◆ **Exercise**:
Copy the complete listing that follows, letter for letter.

◆ **The data**:
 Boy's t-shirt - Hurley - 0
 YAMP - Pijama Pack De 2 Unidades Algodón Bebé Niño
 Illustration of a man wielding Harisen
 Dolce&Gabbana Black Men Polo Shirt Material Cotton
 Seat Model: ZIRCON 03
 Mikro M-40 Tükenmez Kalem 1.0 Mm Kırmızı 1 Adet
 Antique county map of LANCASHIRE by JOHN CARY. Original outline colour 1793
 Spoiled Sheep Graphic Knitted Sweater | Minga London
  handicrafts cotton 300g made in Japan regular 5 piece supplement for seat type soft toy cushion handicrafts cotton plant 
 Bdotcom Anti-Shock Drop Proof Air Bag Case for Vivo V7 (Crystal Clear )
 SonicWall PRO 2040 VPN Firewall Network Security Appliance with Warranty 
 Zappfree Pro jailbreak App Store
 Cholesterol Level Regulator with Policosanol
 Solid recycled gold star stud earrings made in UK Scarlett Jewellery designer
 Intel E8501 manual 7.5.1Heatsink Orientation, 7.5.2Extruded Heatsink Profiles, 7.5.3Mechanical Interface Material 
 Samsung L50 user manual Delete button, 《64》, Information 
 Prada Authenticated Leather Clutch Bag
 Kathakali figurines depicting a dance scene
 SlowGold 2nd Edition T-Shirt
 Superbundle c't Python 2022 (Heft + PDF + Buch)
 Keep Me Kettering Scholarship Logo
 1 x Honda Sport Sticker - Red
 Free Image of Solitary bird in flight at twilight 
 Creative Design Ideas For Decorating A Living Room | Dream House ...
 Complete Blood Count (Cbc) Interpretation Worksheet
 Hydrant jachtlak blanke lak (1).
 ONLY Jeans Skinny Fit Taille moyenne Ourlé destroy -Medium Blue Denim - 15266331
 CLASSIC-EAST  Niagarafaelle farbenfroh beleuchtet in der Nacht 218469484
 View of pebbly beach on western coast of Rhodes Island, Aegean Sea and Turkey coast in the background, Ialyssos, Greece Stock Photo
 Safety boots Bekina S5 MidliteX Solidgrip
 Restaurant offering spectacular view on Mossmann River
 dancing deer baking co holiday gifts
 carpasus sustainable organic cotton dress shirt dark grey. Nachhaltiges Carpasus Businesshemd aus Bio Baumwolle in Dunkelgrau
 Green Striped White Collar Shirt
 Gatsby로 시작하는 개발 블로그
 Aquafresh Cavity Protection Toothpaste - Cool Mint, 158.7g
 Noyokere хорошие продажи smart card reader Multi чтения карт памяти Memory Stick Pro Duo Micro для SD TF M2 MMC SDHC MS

◆ **Written response**:
 Boy's t-shirt - Hurley - 0
 YAMP - Pijama Pack De 2 Unidades Algodón Bebé Niño
 Illustration of a man wielding Harisen
 Dolce&Gabbana Black Men Polo Shirt Material Cotton
 Seat Model: ZIRCON 03
 Mikro M-40 Tükenmez Kalem 1.0 Mm Kırmızı 1 Adet
 Antique county map of LANCASHIRE by JOHN CARY. Original outline colour 1793
 Spoiled Sheep Graphic Knitted Sweater | Minga London
  handicrafts cotton 300g made in Japan regular 5 piece supplement for seat type soft toy cushion handicrafts cotton plant 
 Bdotcom Anti-Shock Drop Proof Air Bag Case for Vivo V7 (Crystal Clear )
 SonicWall PRO 2040 VPN Firewall Network Security Appliance with Warranty 
 Zappfree Pro jailbreak App Store
 Cholesterol Level Regulator with Policosanol
 Solid recycled gold star stud earrings made in UK Scarlett Jewellery designer
 Intel E8501 manual 7.5.1Heatsink Orientation, 7.5.2Extruded Heatsink Profiles, 7.5.3Mechanical Interface Material 
 Samsung L50 user manual Delete button, 《64》, Information 
 Prada Authenticated Leather Clutch Bag
 Kathakali figurines depicting a dance scene
 SlowGold 2nd Edition T-Shirt
 Superbundle c't Python 2022 (Heft + PDF + Buch)
 Keep Me Kettering Scholarship Logo
 1 x Honda Sport Sticker - Red
 Free Image of Solitary bird in flight at twilight 
 Creative Design Ideas For Decorating A Living Room | Dream House ...
 Complete Blood Count (Cbc) Interpretation Worksheet
 Hydrant jachtlak blanke lak (1).
 ONLY Jeans Skinny Fit Taille moyenne Ourlé destroy -Medium Blue Denim - 15266331
 CLASSIC-EAST  Niagarafaelle farbenfroh beleuchtet in der Nacht 218469484
 View of pebbly beach on western coast of Rhodes Island, Aegean Sea and Turkey coast in the background, Ialyssos, Greece Stock Photo
 Safety boots Bekina S5 MidliteX Solidgrip
 Restaurant offering spectacular view on Mossmann River
 dancing deer baking co holiday gifts
 carpasus sustainable organic cotton dress shirt dark grey. Nachhaltiges Carpasus Businesshemd aus Bio Baumwolle in Dunkelgrau
 Green Striped White Collar Shirt
 Gatsby로 시작하는 개발 블로그
 Aquafresh Cavity Protection Toothpaste - Cool Mint, 158.7g
 Noyokere хорошие продажи smart card reader Multi чтения карт памяти Memory Stick Pro Duo Micro для SD TF M2 MMC SDHC MS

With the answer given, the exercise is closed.